Estos dibujos ya no eran aleatorios.
Las curvas eran demasiado deliberadas. Las formas demasiado antiguas. Demasiado familiares.
Había observado algunos de ellos antes: grabados en libros antiguos, tallados en piedra en lo más profundo de los pasadizos oscuros del Bastión.
Lo peor era que él no recordaba haberlos dibujado.
Estaría tarareando suavemente para sí mismo sentado en el suelo, luego parpadearía y momentáneamente frunciría el ceño como si notara los símbolos por primera vez. Me asustaba mucho más de lo que quería admitir. Ni siquiera Nikolai había pasado por alto el cambio. En silencio pero con atención, ahora observaba a Ivan como si esperara algo que ninguno de nosotros se atrevía a mencionar.
Y los sueños. Lo dejaban sudando y susurrando a aquellos que no estaban allí. Nombres desconocidos. Lugares que ningún niño debería conocer.
Esta noche estaba sucediendo una vez más.
Cuando había ido a su habitación para ver cómo estaba, lo descubrí murmurando suavemente, apenas por encima de un susurro, en una lengua más antigua que la tierra misma.

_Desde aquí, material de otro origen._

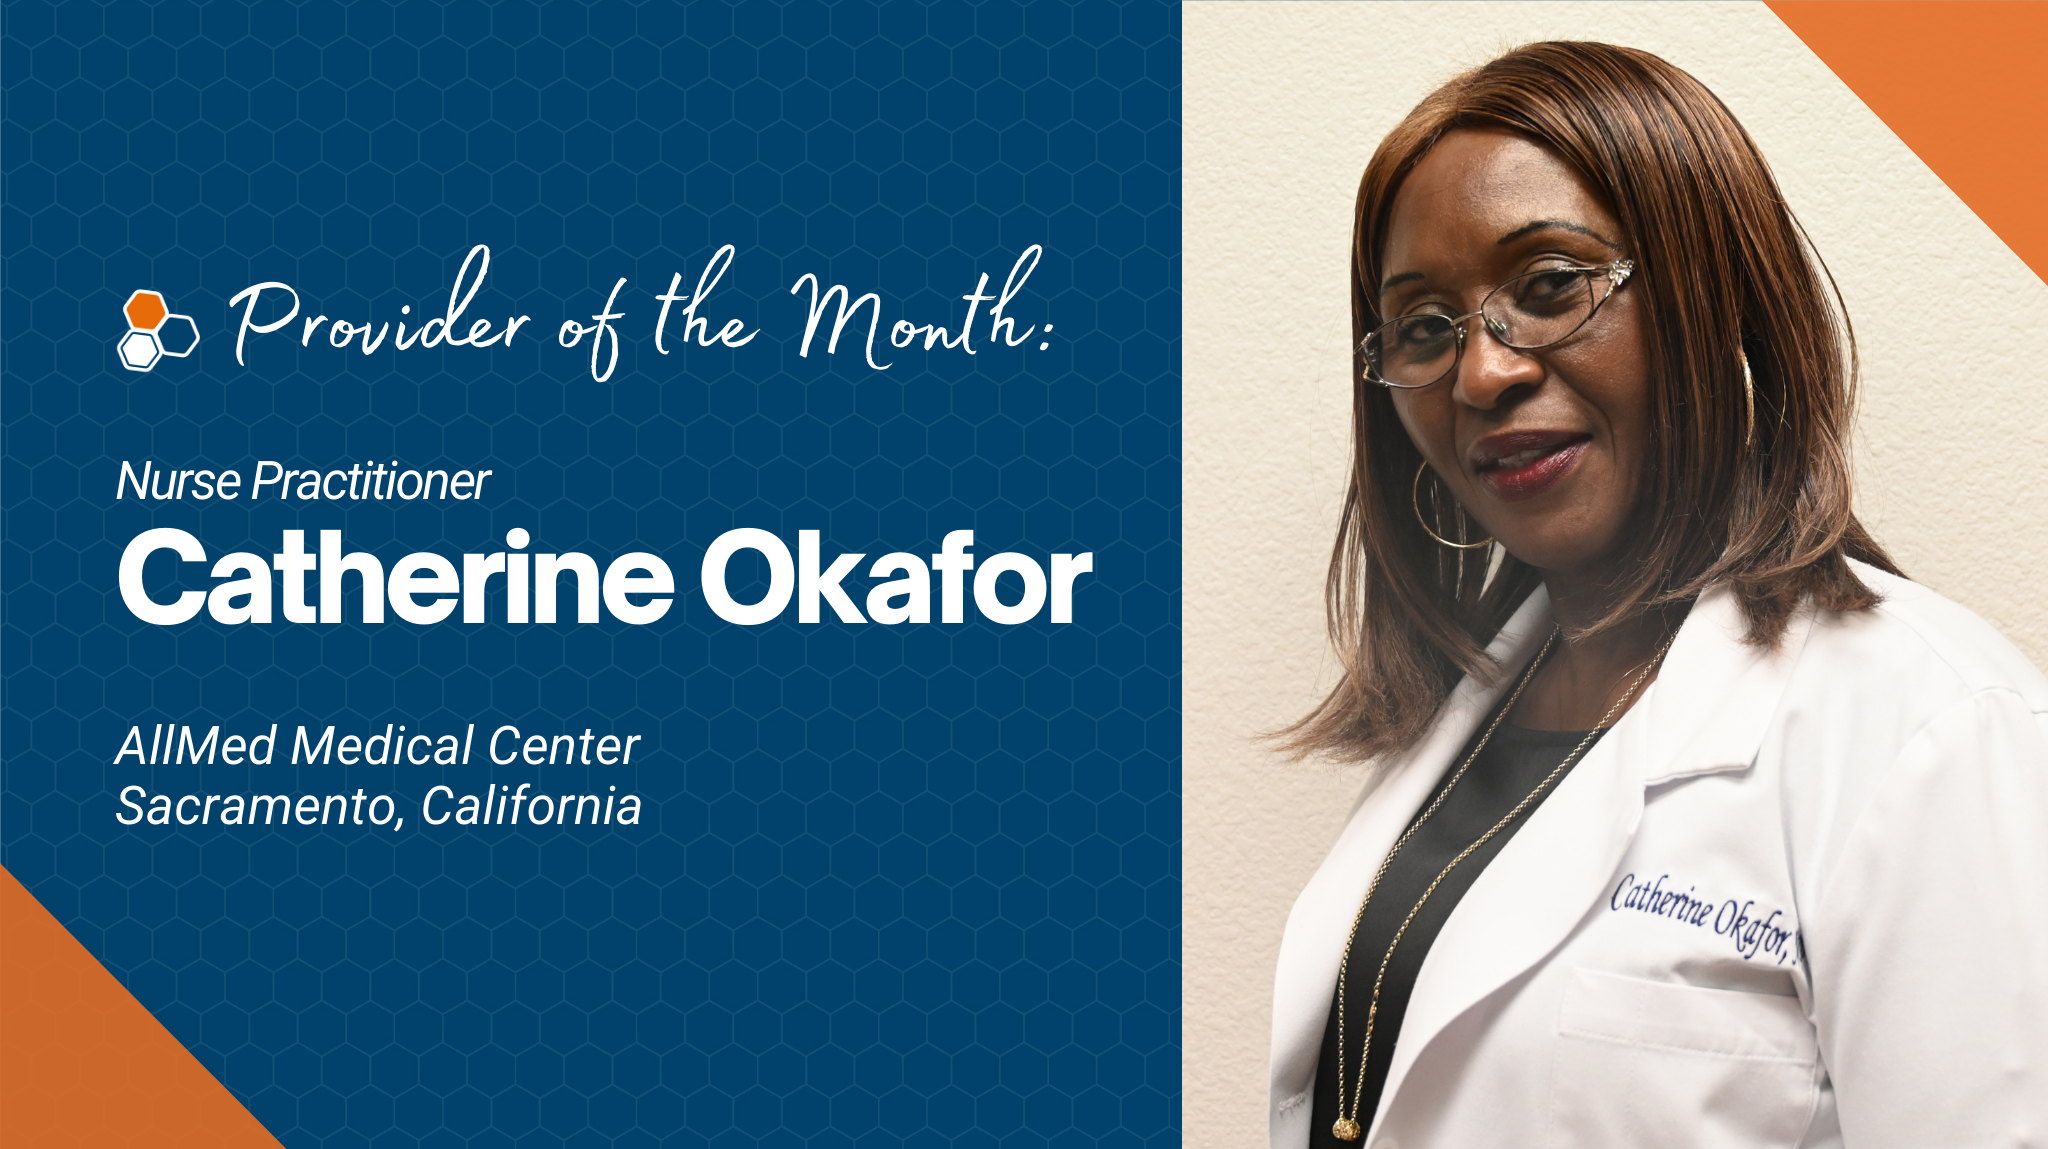 Catherine Okafor Is a Nurse Practitioner in Sacramento and Meditab's Provider of the Month

“…sa’ven noxil… fenar ai…”
En la puerta, me quedé paralizada.
No me vio. Entreabiertos, sus ojos brillaban con un resplandor plateado-azulado. Sus manos flotaban sobre las mantas, moviéndose como si arrancara hilos fantasmales del aire.
—Ivan —dije suavemente, tratando de no asustarlo—. Cariño, soy Mamá.
Parpadeó lentamente. Luego, sin mirarme, susurró:
—La sangre nunca debió atarla a ella. Ella no fue la elegida. Lo fui yo.
Me quedé muy quieta.
Estaba confundido, desorientado cuando volvía en sí. Evité bombardearlo con preguntas. Solo tenía cinco años. Su cuerpo carecía de la capacidad para cualquier energía que se despertara dentro de él. Aun así, podía sentirlo: algo antiguo comenzaba a manifestarse.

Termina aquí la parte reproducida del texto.